What is the “Economic Loss Rule” and how does it effect me?

You may wonder why you cannot recover for certain damages on a construction project. The answer, in all likelihood, is the Economic Loss Rule. The Economic Loss Rule is a rule of law that says, essentially, if you have a contract with another party, and the only damages you suffer are to the project which is the subject of that contract, then no negligence action can lie. Essentially, you are stuck with basic breach of contract principals and remedies.
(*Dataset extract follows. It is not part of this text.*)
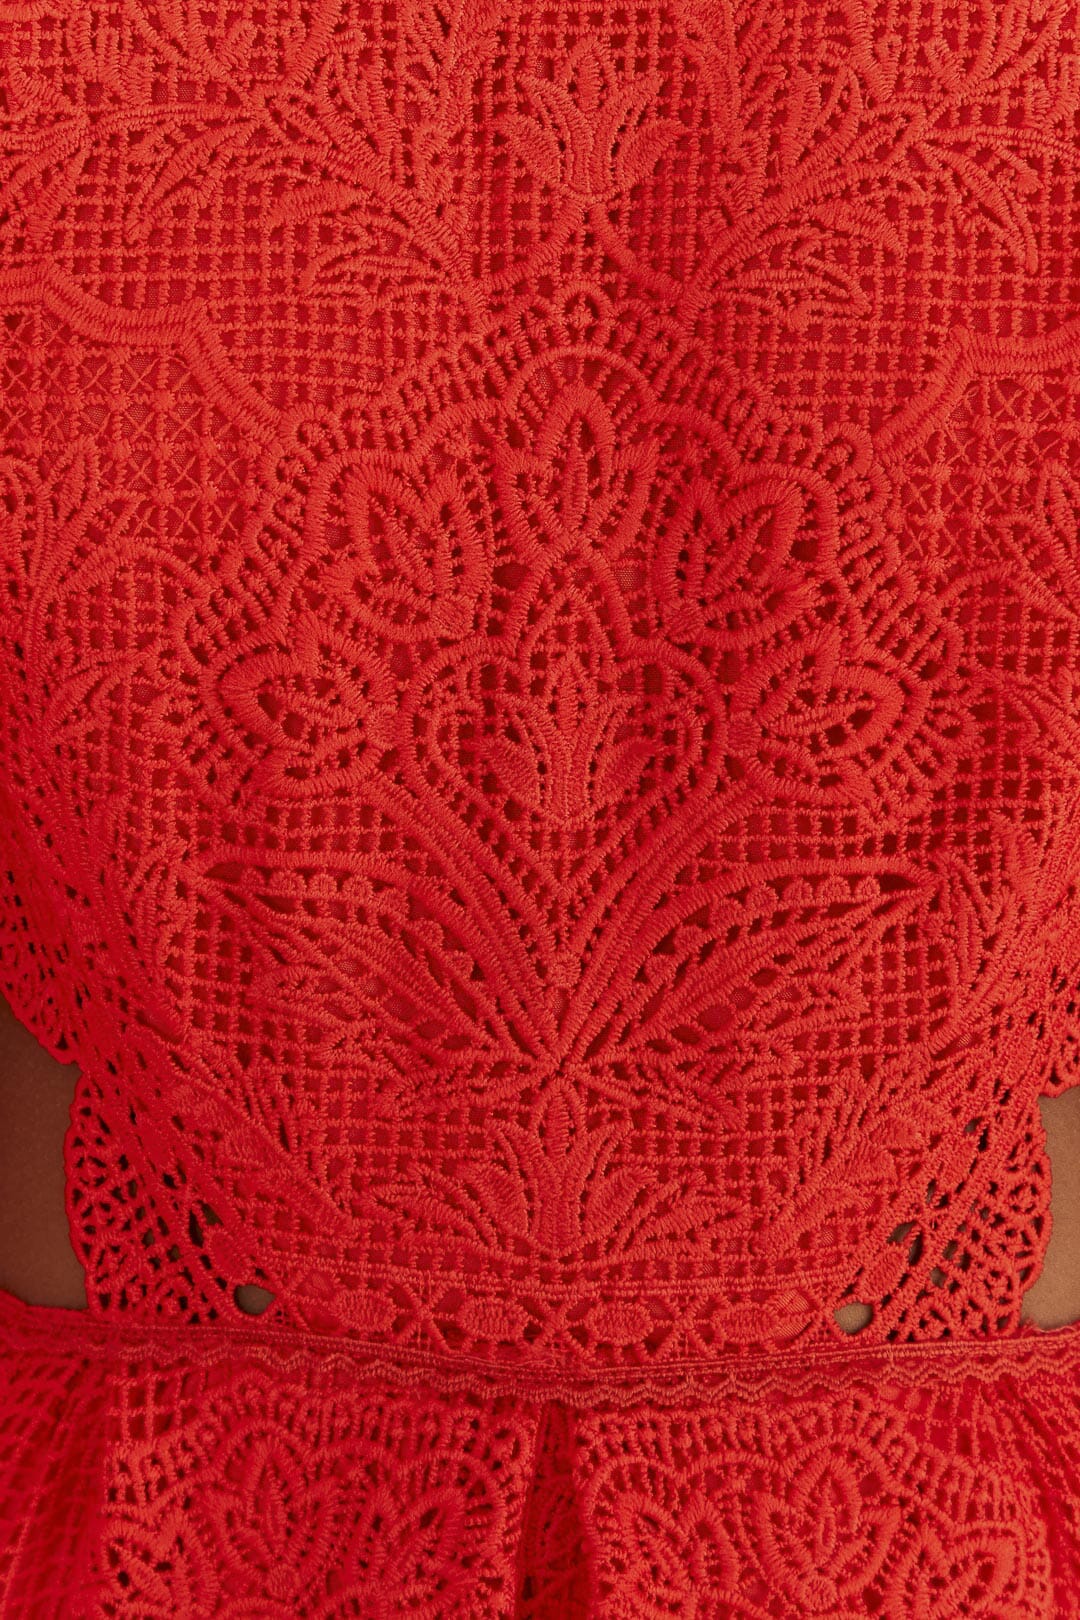 Red Guipure Cut Out Midi Dress

The rationale for the economic loss rule is that where there is a contract, the parties are free to include, or exclude, provisions as to the parties’ respective rights and remedies. See, e.g., Hospira Inc. v. Alphagary Corp., __ N.C. App. __, 671 S.E.2d 7, 14 (2009), discussing the rationale behind the rule. The effect of the rule is that in those situations, parties are limited to their contractual remedies. (Another reason for a well-drafted contract!). No consequential, incidental, or other type claims can be made unless expressly provided for in the contract.

This rule does not apply if no contract exists between parties (a situation called “lack of privity”). The parties are free in that case to sue under a negligence theory.

For example, an architect may be sued by the general contractor or its subcontractors working on a construction project for economic loss foreseeably resulting from breach of architect’s common-law duty of due care in the performance of his contract with the owner. Davidson v. Jones, 41 N.C.App. 661, 255 S.E.2d 580 (1979).